No I haven't used a public area to access the account. I have a VERY secure Cisco router and Network is local only. No wifi access. The account was only 3 weeks old, which again helped to narrow it down immediately. No One has access to my computer at all.

Thanks for your thoughtful responses. Keep 'em coming! Doc

Question owner

You got that right-epicoder. I'm ticked. Doc

Question owner

jscher2000 - Yes, Firefox did store it for me. Not in the master password product, but just the normal password fill program.

As far as your second point. I'm not exactly sure either how it happened either. My first instinct was that they hacked into Cap One.
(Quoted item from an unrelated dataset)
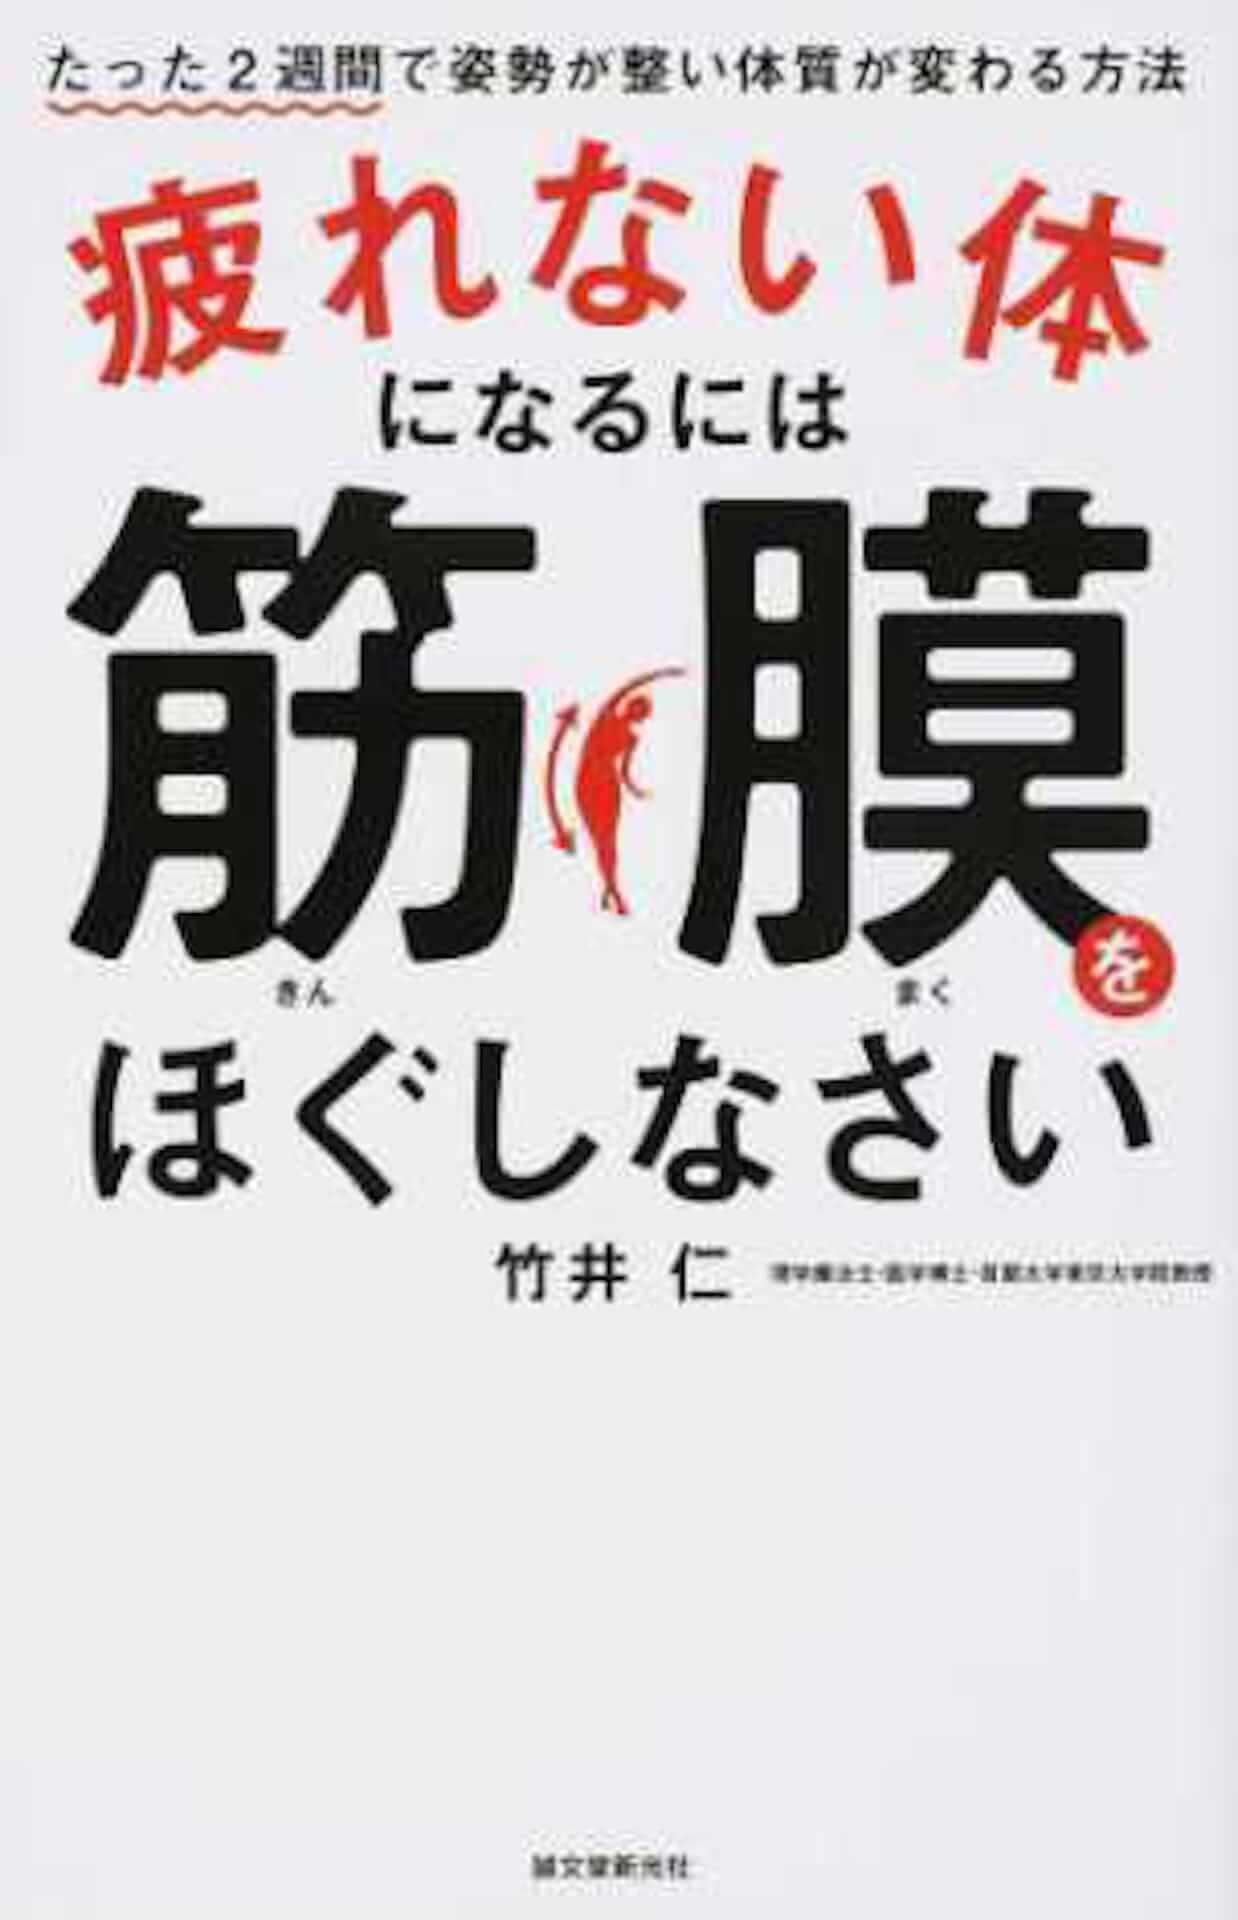 小説『ペスト』や『あつまれどうぶつの森』攻略本、志村けんのビジネス書がランクイン!honto4月の月間ランキングが発表 ac200511_honto_03

Because the email had our correct name and email and physical address. To get into the account to get the password for the account, the only way is through firefox, a keylogger, or malware, I guess. But I thought for sure that all the money I pay to Norton for extended security, because of my business interactions, that they would have something as relatively mundane as malware figured out and up to date. I don;t know.

thanks for your responses. Please continue to help me figure this out.

ANYONE, any thoughts on anything I could get from the email headers, IP tracing or the like?

And I don;t mean about finding the person, I'll leave that to Cap ONe and the police-- I mean as far as being able to discover my vulnerability?

Question owner

Here was a link they wanted me to follow. I looked it up on whois and they certainly have been found out, but anyone able to read the link and tell me what it means? Here it is DO NOT FOLLOW IT!!!!! DANGER DANGER DANGER DO NOT FOLLOW THE FOLLOWING LINK IT IS AN IDENTITY THIEF!!!!!!!!!!!!!!!!!!!!!!!!!!!

canadatravel(DOT)net/?rid=%68T%74%50://%2f%6a.%6d%50.%2f17NzCQD?yrvqkvovtncsltn

I put in the (dot) so that the link wouldn't be live.

Modified by DocGrimwig

jscher2000
  • Top 10 Contributor
2366 solutions 20923 answers

Hi DocGrimwig, the portion of the URL after the ? is used by the web server to redirect your query to a site you don't want to visit (doctoroz-weightloss{dot}com). My security software blocks it.

But what is the connection between this link and your card??

Question owner

The full text of the email is this:

[MY WIFE'S FULL NAME], Are you underwater? Sell your home fast. Get an immediate offer here: canadatravel(DOT)net/?rid=%68T%74%50://%2f%6a.%6d%50.%2f17NzCQD?yrvqkvovtncsltn


[OUR FULL ADDRESS WAS LOCATED HERE]

Of the 3 charges on our card, one of them was entitled this:

TWX CANADATRVL [A FAKE PHONE NUMBER] NY $2.00 (the amt of the charge)

OH and this is the Email from Address:

KarenxsWhitekw(at)roadrunner(DOT)com

Modified by DocGrimwig

jscher2000
  • Top 10 Contributor
2366 solutions 20923 answers

Not sure what happened there. Did they have your email before charging your card? Wouldn't they prefer to just do it quietly instead of coming back for more?? Very odd.